*Exercise objective*
The expected output is an exact copy of each line from the line with "August 2021 Printable" through the end of the data below, with no pictures in it.

*Dataset content*
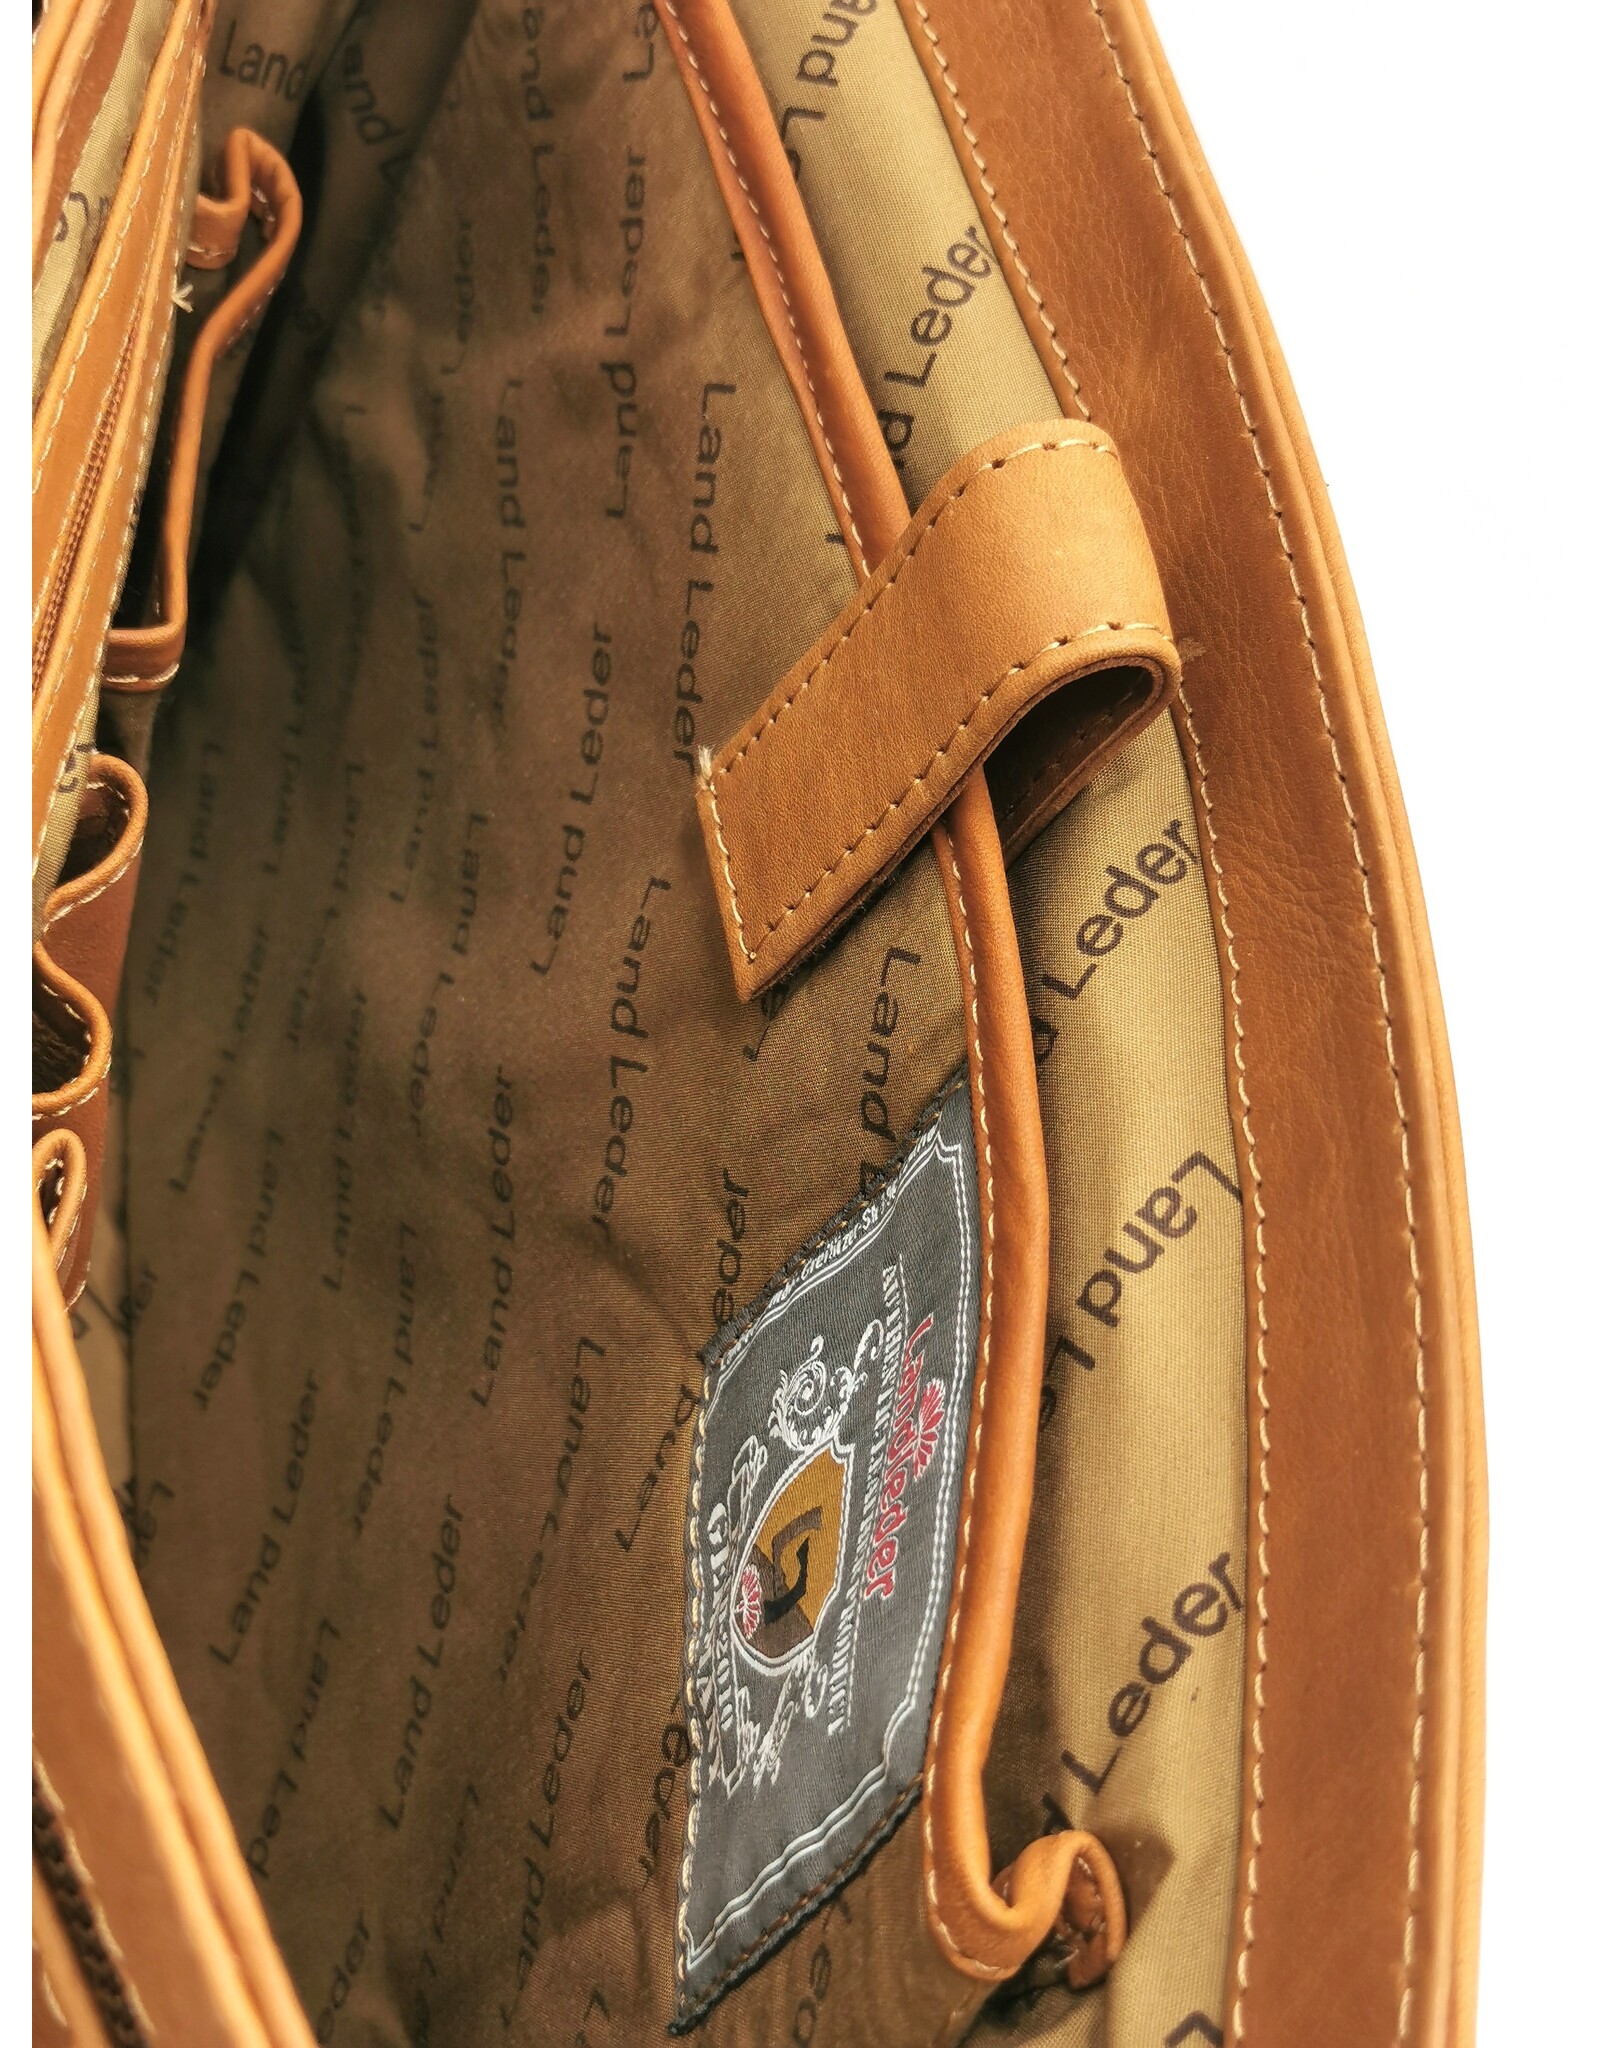 LandLeder Leather bags - Leather Messenger bag  PINCH OF WAX 35cm
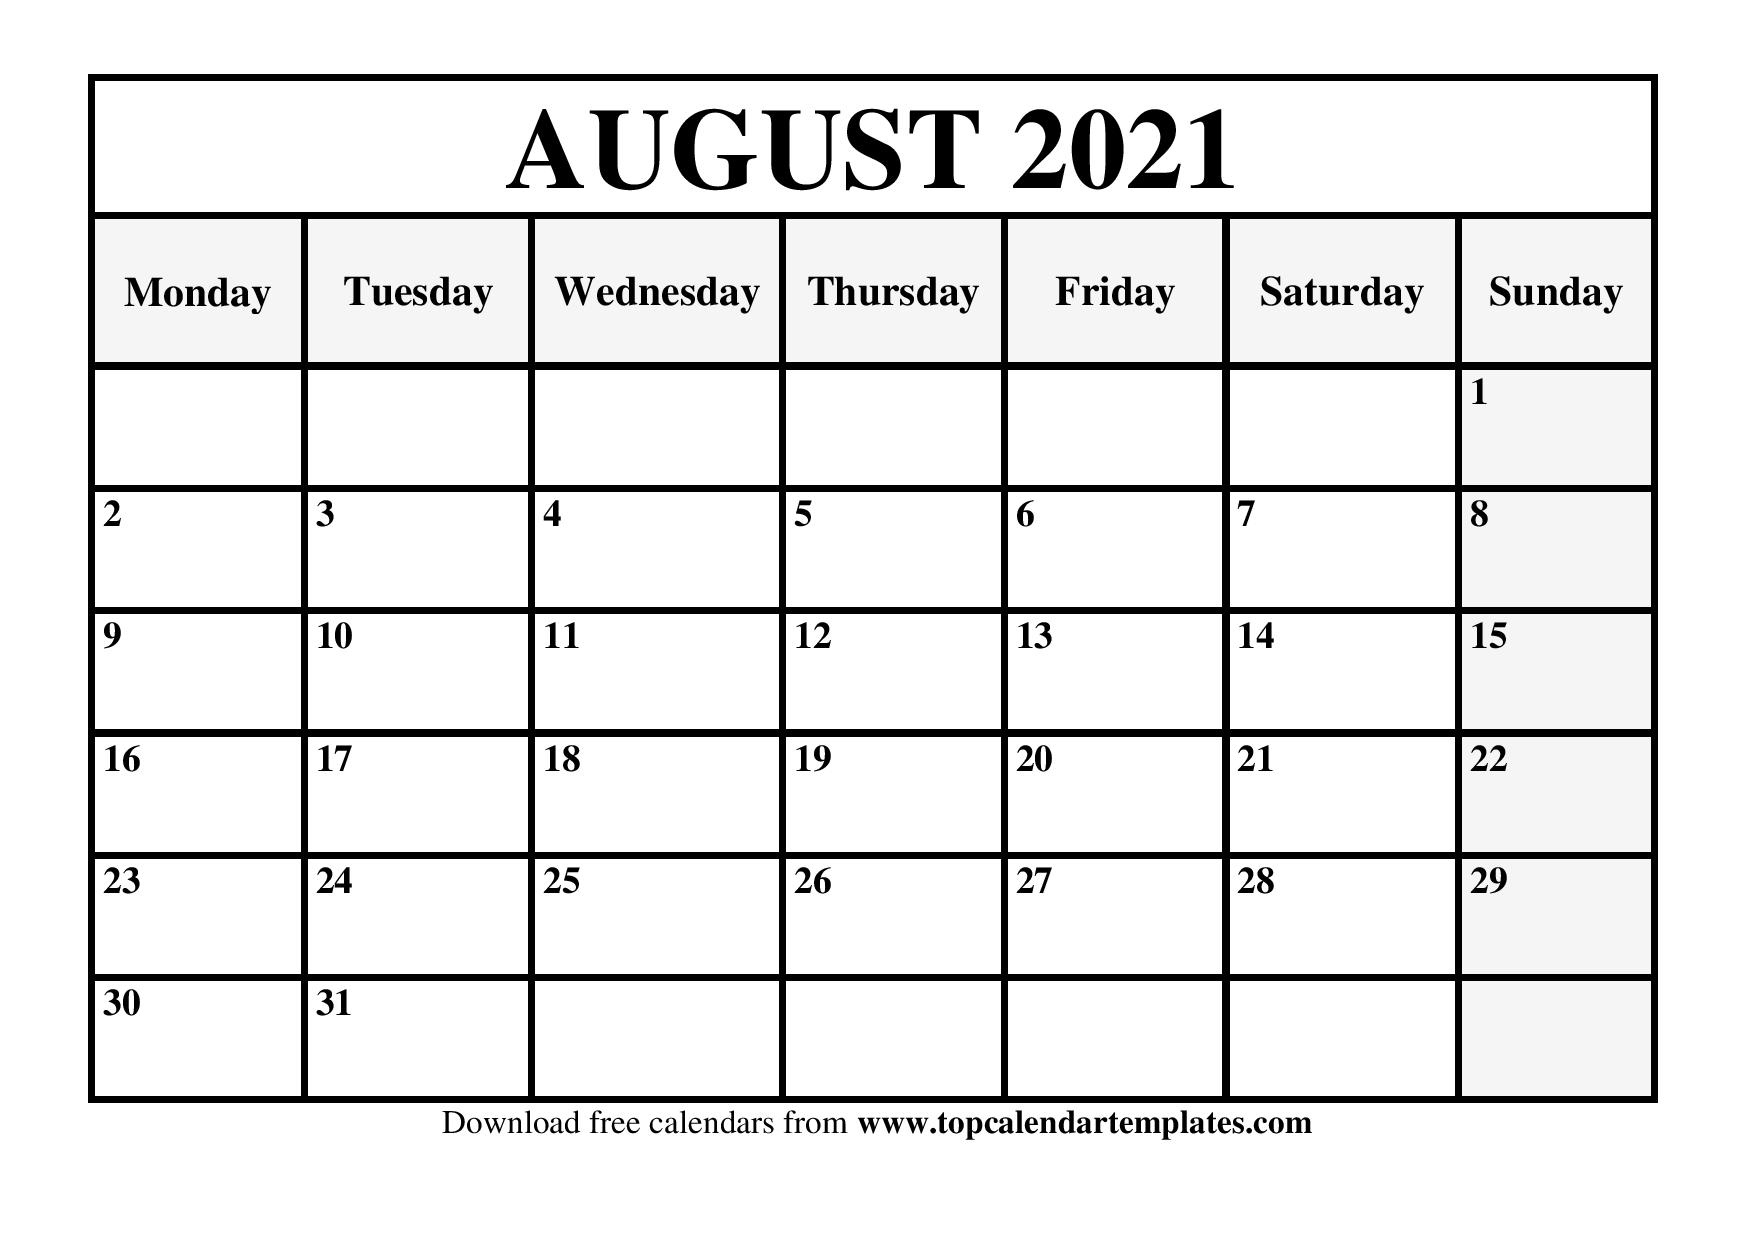 August 2021 Printable Calendar - Monthly Templates August 2020 To August 2021 Calendar
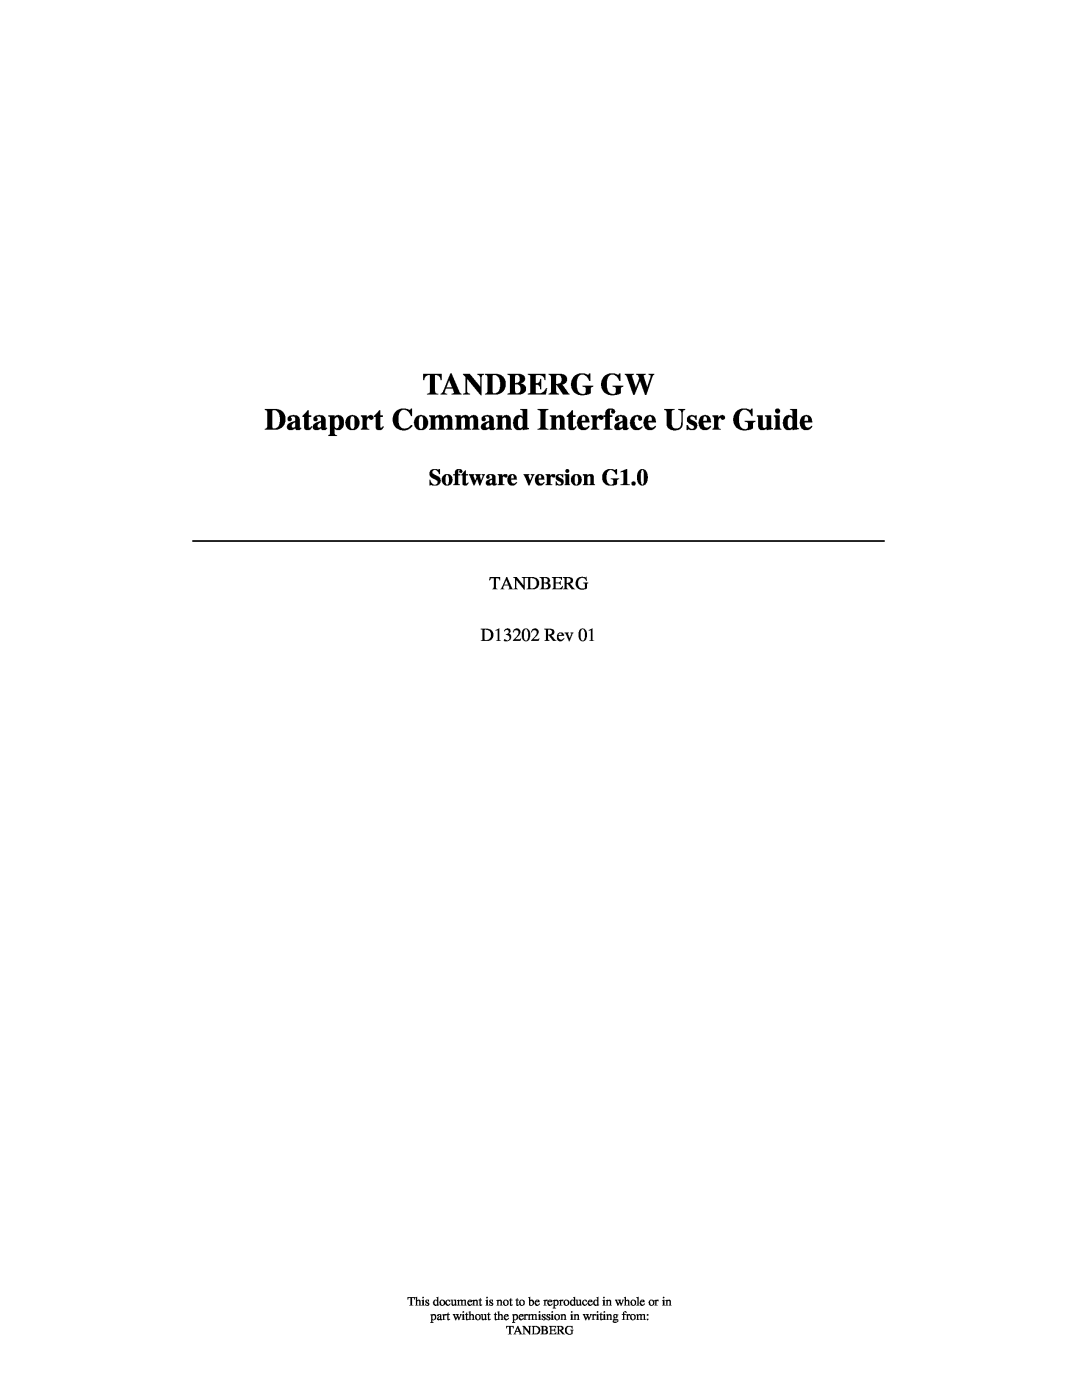 TANDBERG D13202 manual Software version G1.0, TANDBERG GW Dataport Command Interface User Guide

*Solution to the problem*
 August 2021 Printable Calendar - Monthly Templates August 2020 To August 2021 Calendar
 TANDBERG D13202 manual Software version G1.0, TANDBERG GW Dataport Command Interface User Guide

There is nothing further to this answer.